In Skins, the transition from Bristol in Seasons 1-6 to London in its 7th and final season is crucial to the character’s new lives.  It’s not a romanticized view of the city, but truly captures the vast, overwhelming, overpriced life of a young person in England and the UK’s multi-faceted capital.  The production values present also greatly escalated. We last saw Effy back home at the end of Season 4, in 2010. As a Londoner in 2013, she’s still got the same major characteristics, but is now in her early twenties seeking new opportunities.

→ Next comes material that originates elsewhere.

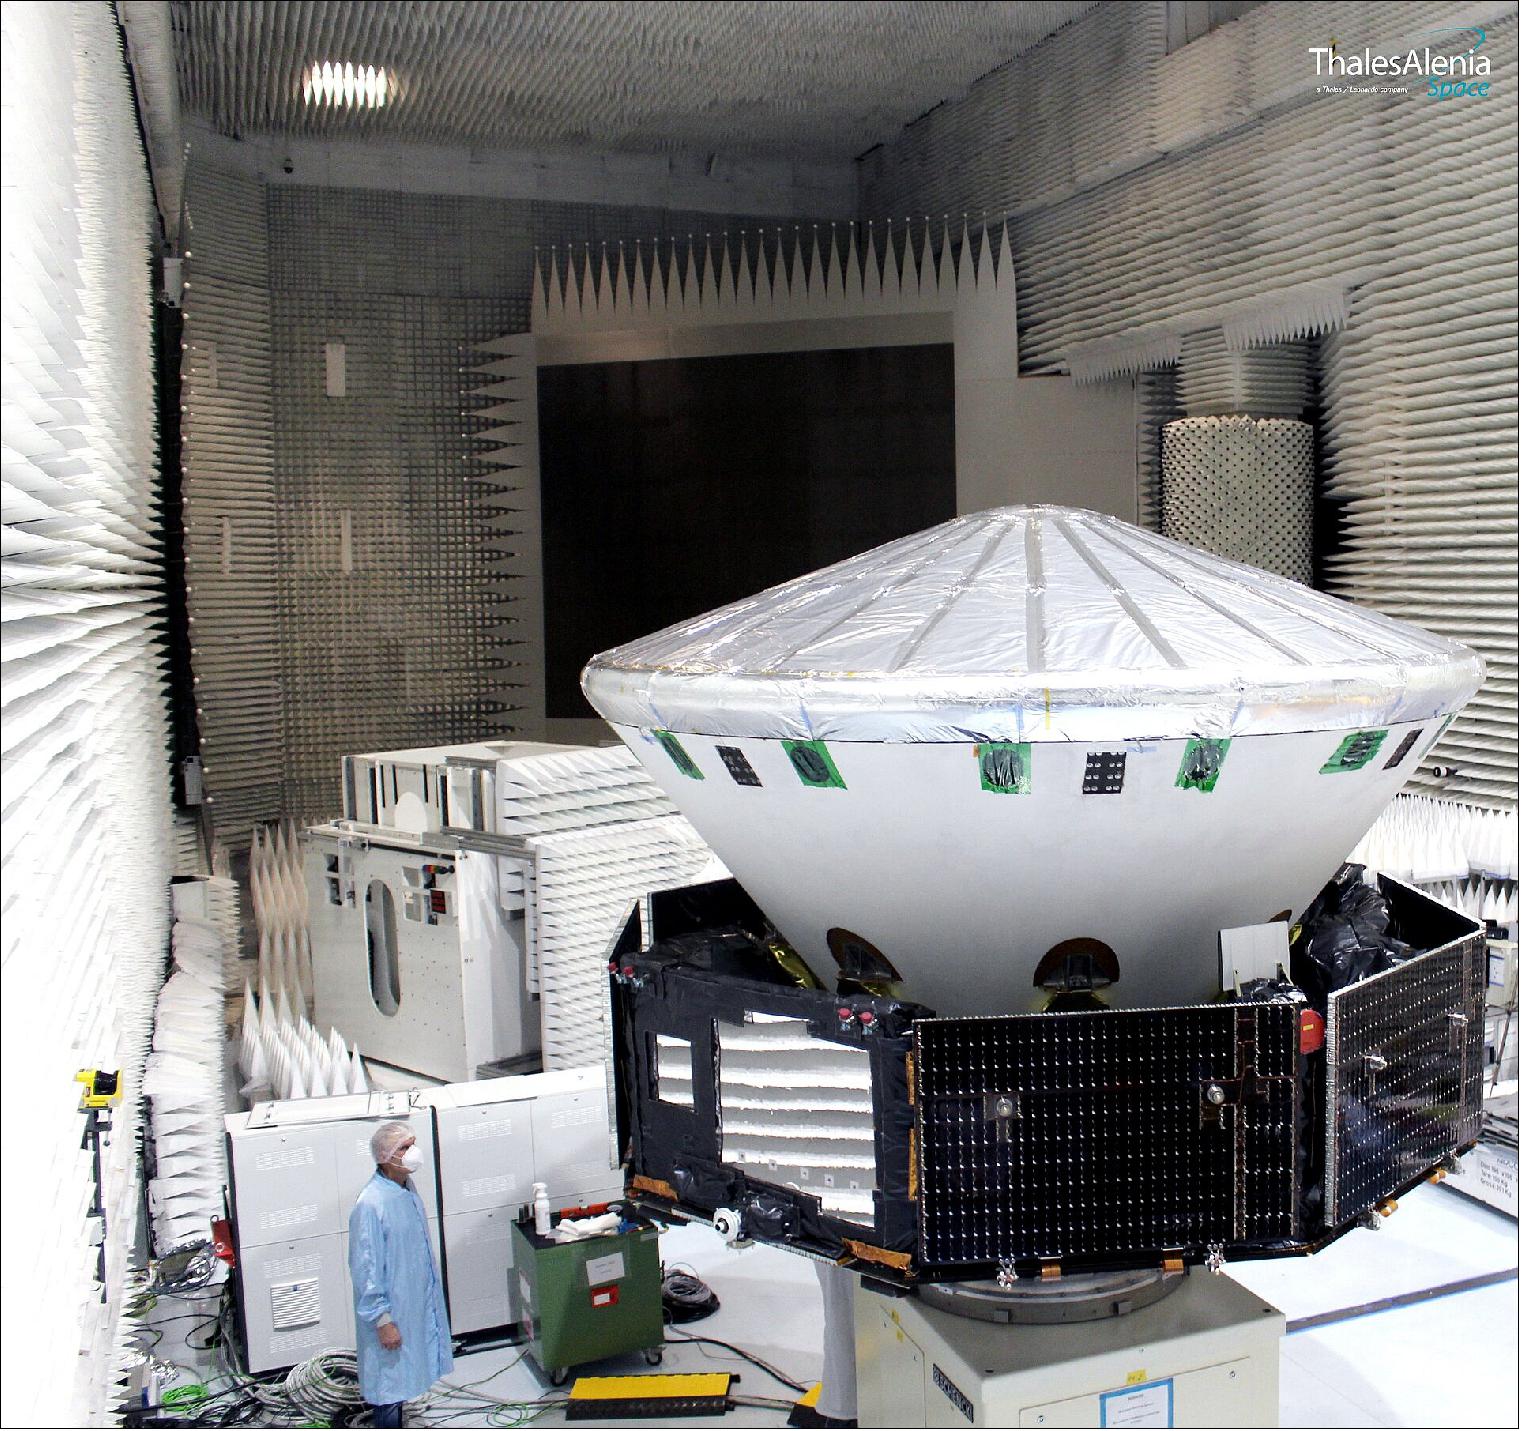 Figure 15: This image shows the complete spacecraft composite of the ExoMars 2022 mission in an anechoic chamber at Thales Alenia Space’s facilities in Cannes, France. The spacecraft comprises the carrier module (the eight sided structure), the descent module (the white module in the centre) and the Rosalind Franklin rover and Kazachok surface platform, which are encapsulated inside the descent module. The person to the left of the image gives a sense of scale. This image was captured during a dynamic balancing test of the actual flight modules that will fly to Mars – an activity to ensure the spacecraft is perfectly balanced when spinning in space (image credit: Thales Alenia Space)

skinsfireIt’s also a bit rare to return to a leading character 3 years/seasons after we last saw her, which only proves Effy’s prevalence. She’s now in the trading game in the financial district, not surprising given her addictive personality and proclivity towards high-stakes and adrenaline rushes. Yet from last week’s premiere, “Fire pt. 1,” she’s still secretly going to raves as she did during Tony’s time, contrasting her perceived new posh-like persona. Also, each character episode in Season 7 comes as consecutive two-parters. Naomi’s new slacker life was unconvincing until I read she graduated with a degree in English, kind of a brilliant commentary on what can happen to a smart and talented liberal arts grad in today’s job market, as Naomi had the best scores out of her class after they received their A levels.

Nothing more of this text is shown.